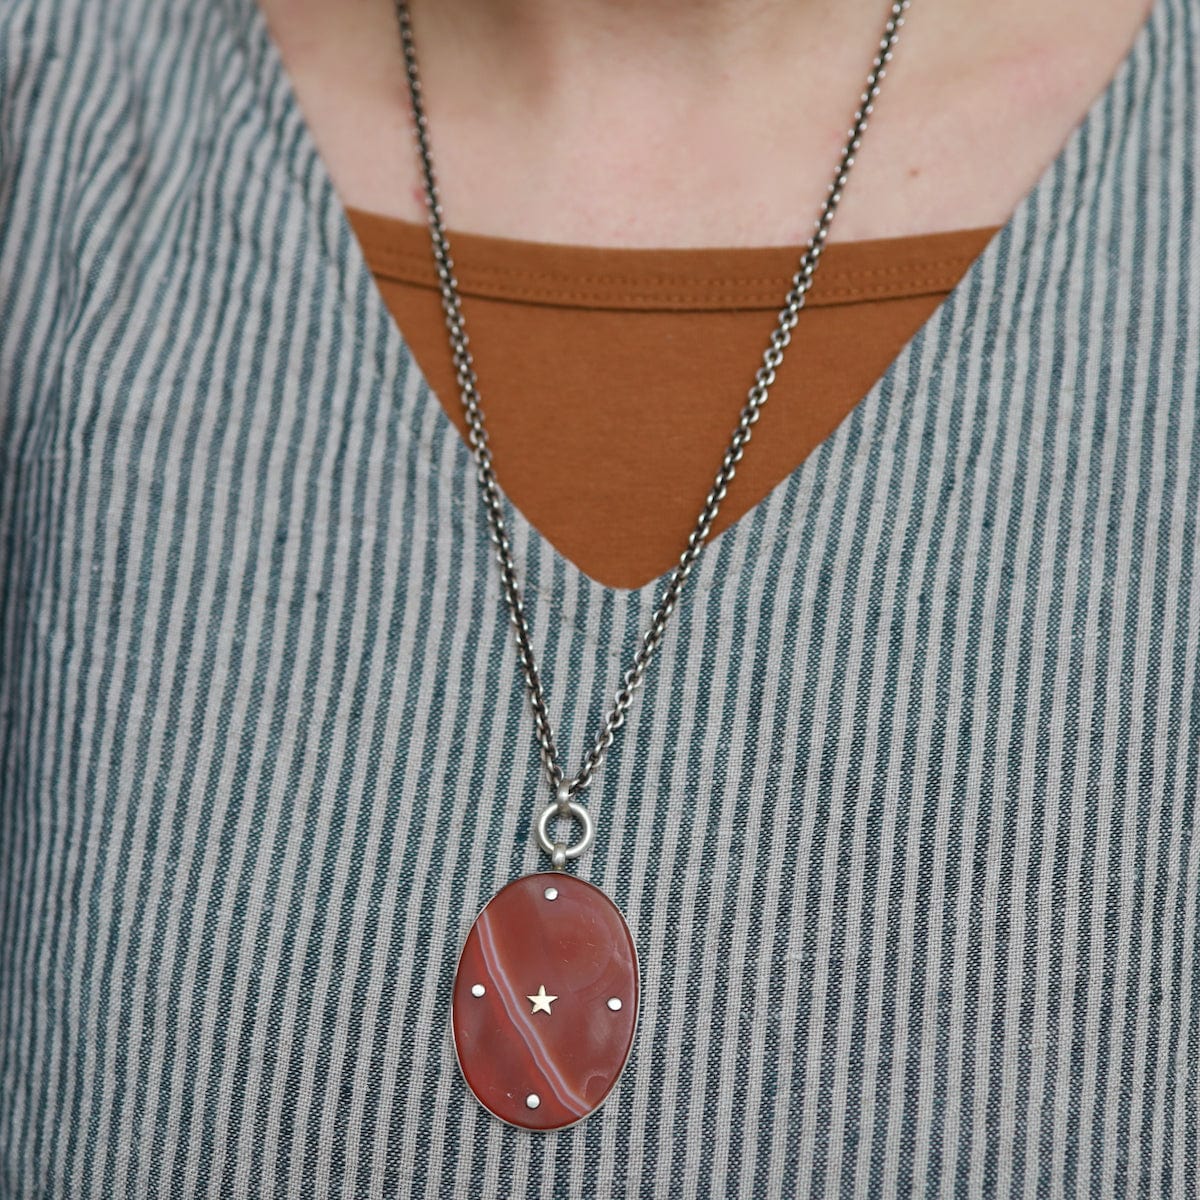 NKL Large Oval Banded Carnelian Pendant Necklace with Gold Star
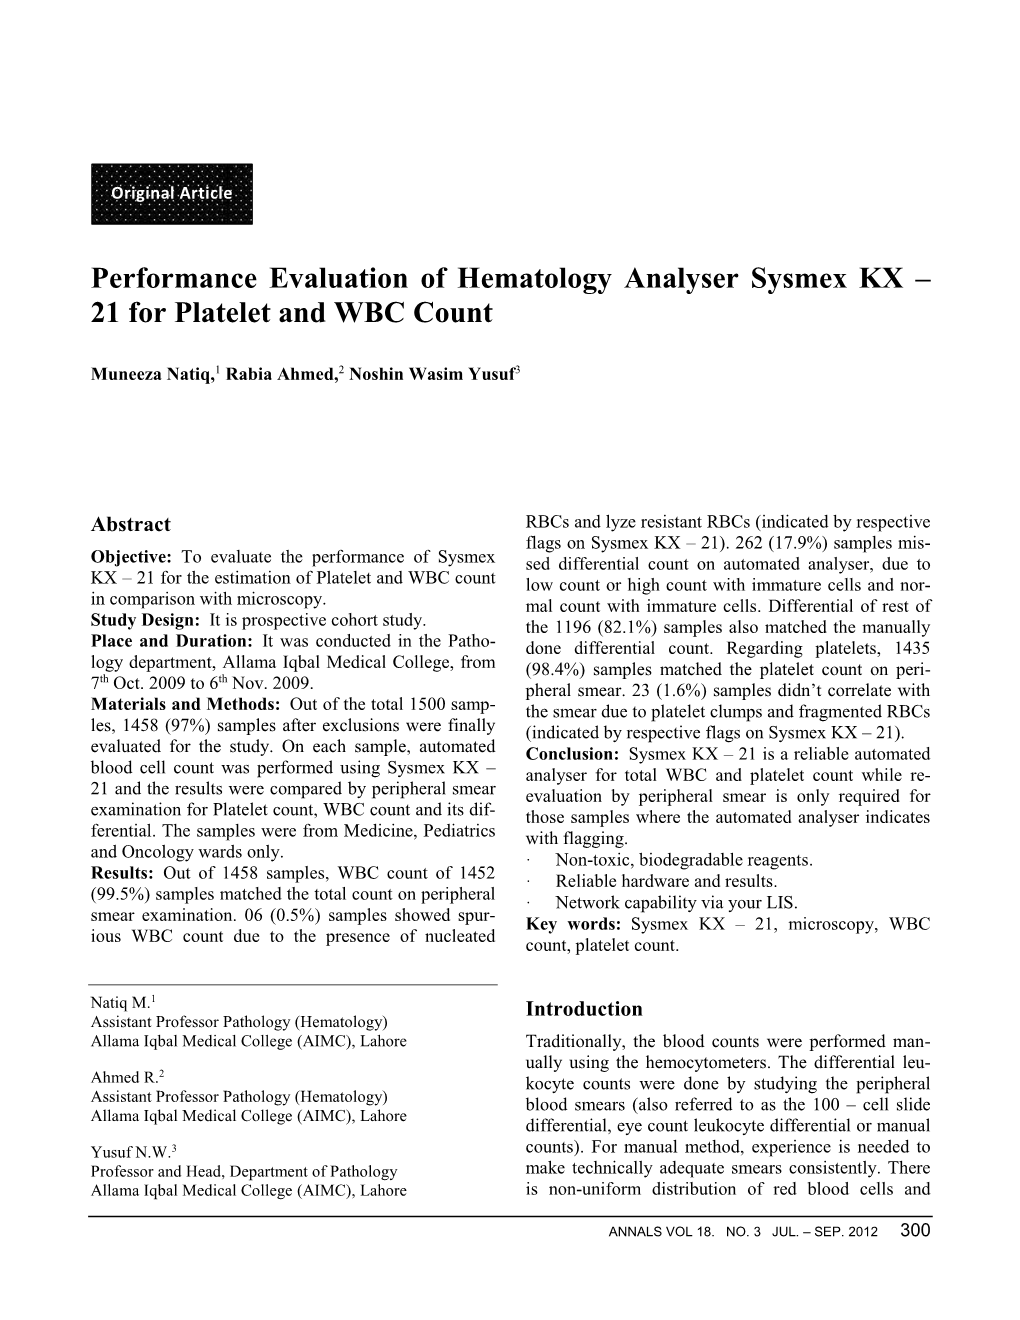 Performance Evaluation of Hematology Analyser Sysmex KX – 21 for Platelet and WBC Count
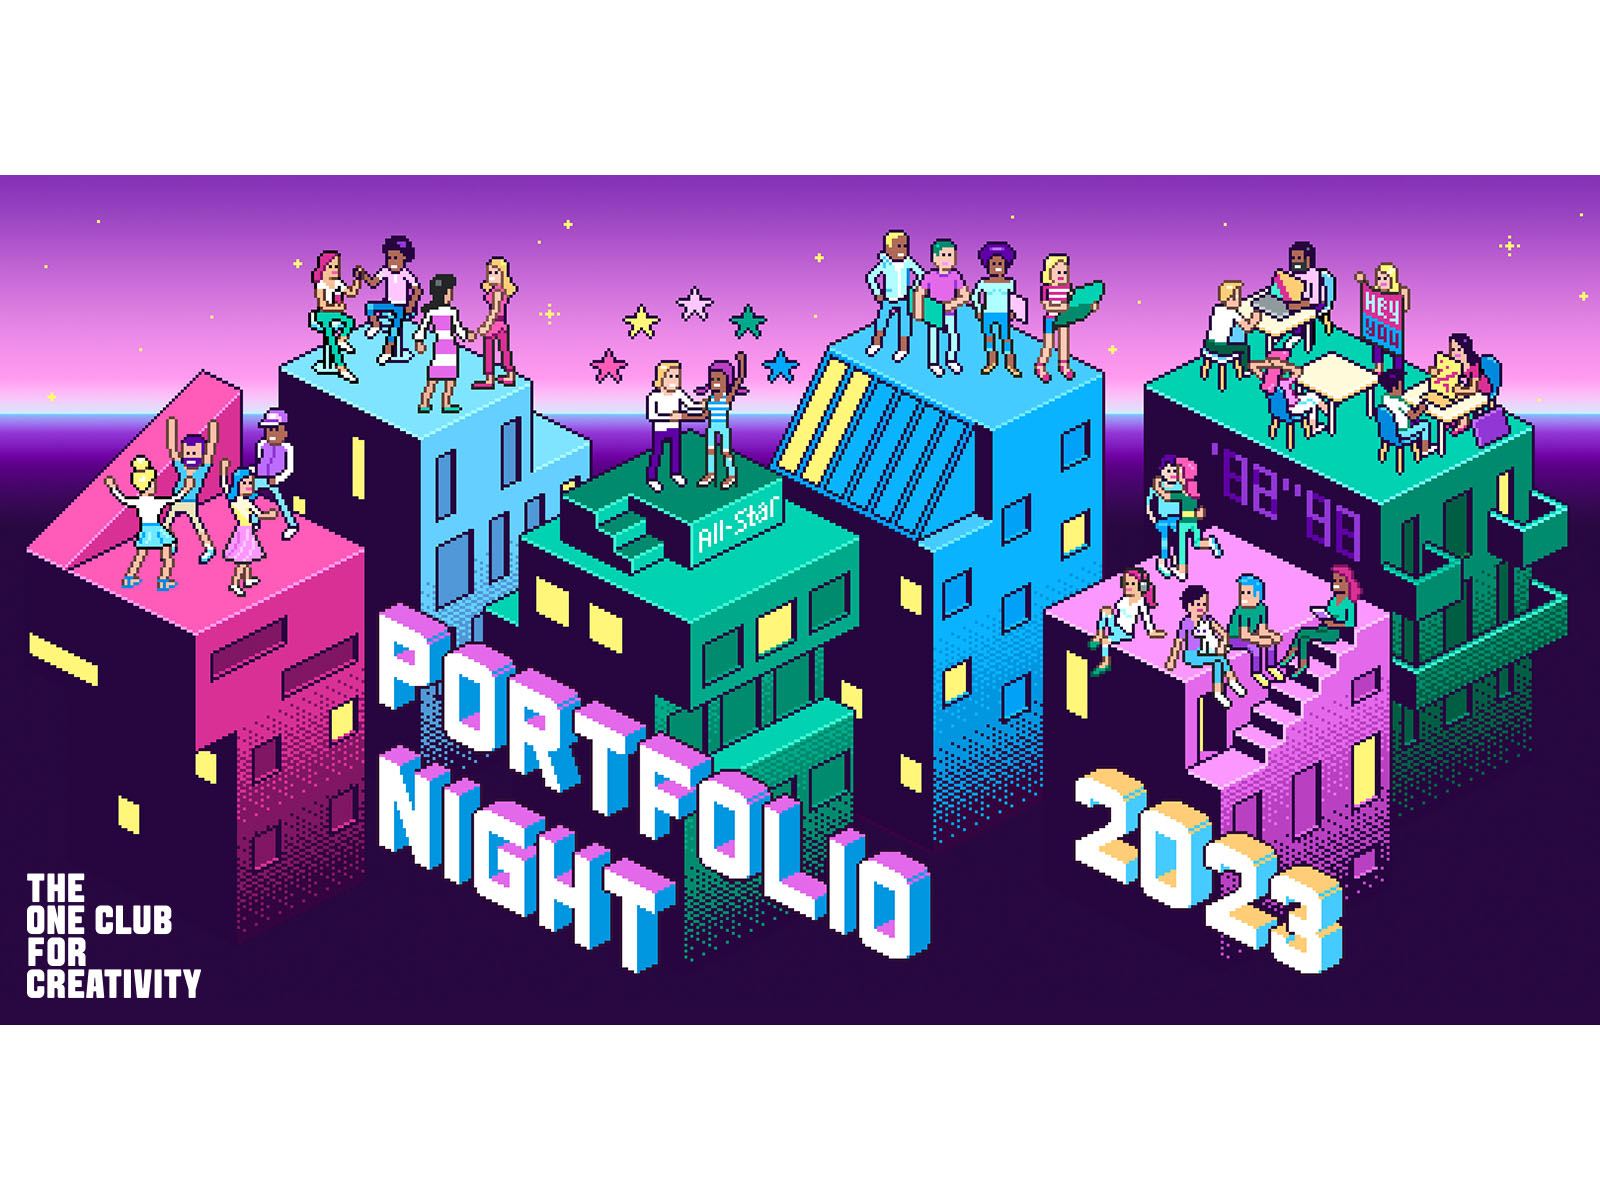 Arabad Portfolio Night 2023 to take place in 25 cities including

= = = = = = =

Give back the listing word for word, minus its images.

ANSWER FOR THIS EXERCISE:
 NKL Large Oval Banded Carnelian Pendant Necklace with Gold Star
 Performance Evaluation of Hematology Analyser Sysmex KX – 21 for Platelet and WBC Count
 Arabad Portfolio Night 2023 to take place in 25 cities including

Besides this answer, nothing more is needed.